### Work task:
Return all lines from the entries below in which the word "Dining" is present.

•••••

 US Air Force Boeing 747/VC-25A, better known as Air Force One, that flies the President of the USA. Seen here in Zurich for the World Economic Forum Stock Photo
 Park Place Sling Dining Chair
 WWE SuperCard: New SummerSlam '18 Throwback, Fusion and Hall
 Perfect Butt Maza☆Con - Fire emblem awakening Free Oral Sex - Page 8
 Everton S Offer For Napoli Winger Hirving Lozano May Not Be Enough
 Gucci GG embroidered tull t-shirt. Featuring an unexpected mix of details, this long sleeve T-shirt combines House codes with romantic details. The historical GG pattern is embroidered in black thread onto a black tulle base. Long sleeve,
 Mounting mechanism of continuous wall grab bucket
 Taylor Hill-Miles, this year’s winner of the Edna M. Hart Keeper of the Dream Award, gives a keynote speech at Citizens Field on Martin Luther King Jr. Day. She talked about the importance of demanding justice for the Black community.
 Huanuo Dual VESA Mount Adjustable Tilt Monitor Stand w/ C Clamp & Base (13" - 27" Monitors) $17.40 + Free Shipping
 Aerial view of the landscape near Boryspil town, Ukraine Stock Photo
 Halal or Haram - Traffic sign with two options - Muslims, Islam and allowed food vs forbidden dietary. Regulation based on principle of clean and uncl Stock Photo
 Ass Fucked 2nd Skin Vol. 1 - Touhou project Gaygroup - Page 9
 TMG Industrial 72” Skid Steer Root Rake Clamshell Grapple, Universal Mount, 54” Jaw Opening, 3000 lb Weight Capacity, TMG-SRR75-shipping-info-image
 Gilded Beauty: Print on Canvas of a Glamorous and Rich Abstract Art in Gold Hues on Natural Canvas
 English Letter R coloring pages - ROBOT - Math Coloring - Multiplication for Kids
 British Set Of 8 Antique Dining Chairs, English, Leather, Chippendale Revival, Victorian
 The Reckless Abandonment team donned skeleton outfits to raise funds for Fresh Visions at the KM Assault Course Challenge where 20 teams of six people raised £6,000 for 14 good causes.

•••••

### Worked solution:
 Park Place Sling Dining Chair
 British Set Of 8 Antique Dining Chairs, English, Leather, Chippendale Revival, Victorian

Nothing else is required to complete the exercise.